Before Scofield, Before Herzl, Christianity Has Always Been Zionist [2/2]
To read the first chapter, please click here.
Long before Scofield: Three centuries of pre-dispensational Zionism
Critics often (wrongly) claim that Christian Zionism began with 19th-century dispensationalists like John Nelson Darby or the Scofield Reference Bible. History says otherwise. By the time Rev. William Blackstone in 1891 and Rev. C.I. Scofield in 1909 popularized the idea that the Jewish return to Palestine was biblically mandated, Christian Zionist fervor had already been flourishing for hundreds of years.
The 18th and 19th centuries abound with Christian theologians and leaders who pressed for a Jewish restoration well before modern dispensationalism made it fashionable. For example, the great American preacher Jonathan Edwards (1703-1758), though a Calvinist and postmillennialist (not a dispensational premillennialist), vigorously affirmed from Scripture that the Jews would one day “be reconciled to their divine Parent, regain their ancient homeland, [and] establish a polity there” in fulfillment of prophecy. Edwards even criticized his hero Calvin for “overlooking the plain meaning” of the Hebrew Scriptures regarding Israel.
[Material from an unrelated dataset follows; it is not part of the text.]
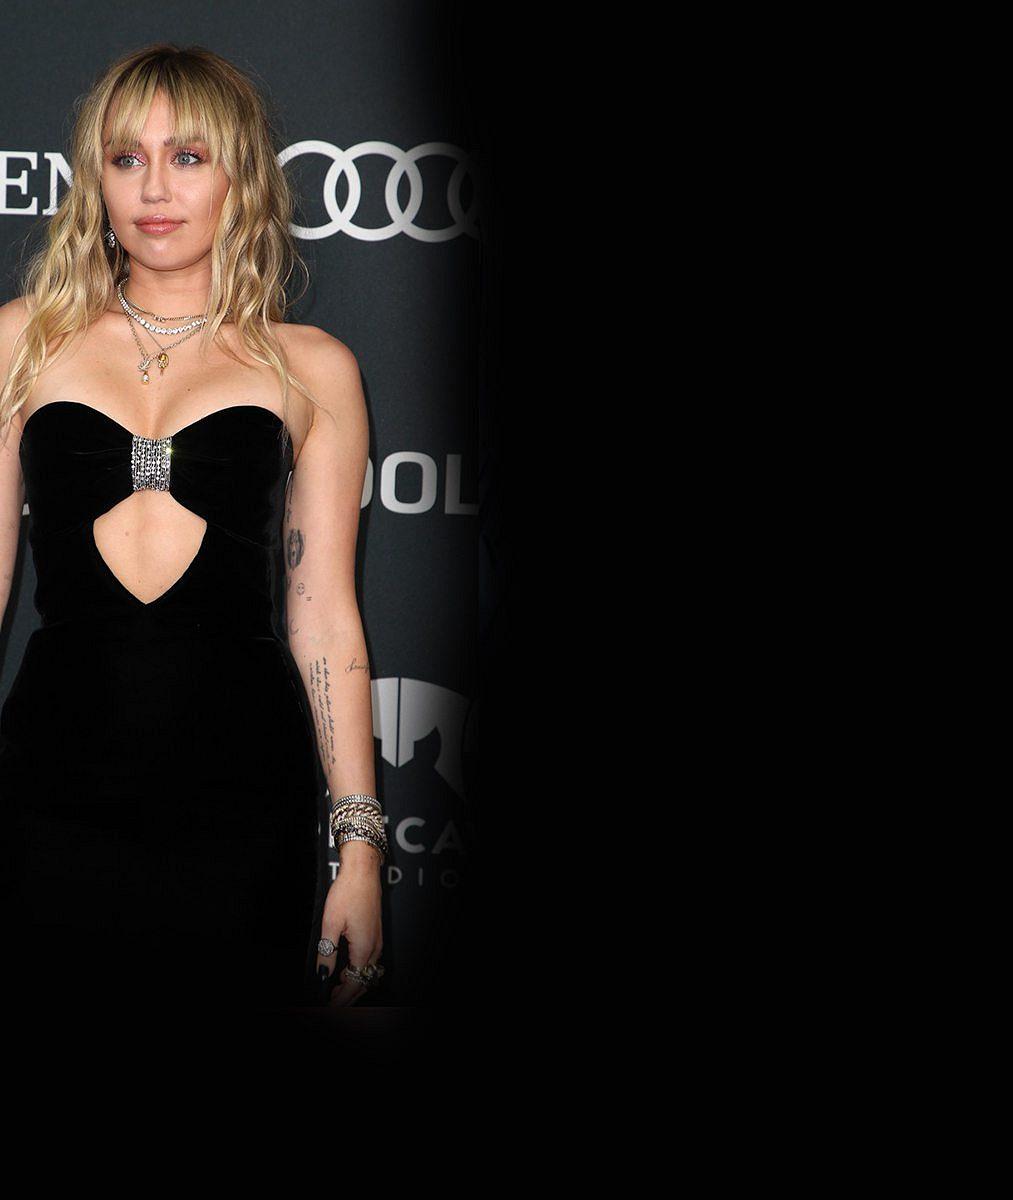 Manželka slavného herce je na straně svého rozvádějícího se švagra: Pustila se do jeho ženy Miley Cyrus!

Meanwhile in Britain, James Bicheno (1752-1831), a Baptist minister, published The Restoration of the Jews in 1800 urging the English government to actively promote the return of Jews to their land. Bicheno was perhaps the first to call for Britain’s foreign policy to include the restoration of Israel.
He was soon followed by Lord Shaftesbury (Anthony Ashley-Cooper, 1801-1885), one of the Victorian era’s most prominent evangelical statesmen. Shaftesbury, guided by his reading of prophecy, tirelessly advocated for a Jewish homeland in Palestine. It was Shaftesbury who coined the slogan “A country without a nation for a nation without a country,” and his lobbying helped lay the groundwork for Britain’s pro-Zionist Balfour Declaration of 1917.
Britain’s Balfour Declaration of 1917 pledged support for establishing a “national home for the Jewish people” in Palestine. This historic policy statement did not arise in a vacuum – it crowned a long tradition of Christian advocacy for Jewish restoration.
Devout figures like Lord Shaftesbury had campaigned for such a declaration for decades, driven by their conviction that biblical prophecy and God’s covenant demanded the Jews’ return to Zion. The Balfour Declaration’s issuance during World War I marked the first time a major world power officially embraced Zionism, vindicating centuries of Christian anticipation and activism.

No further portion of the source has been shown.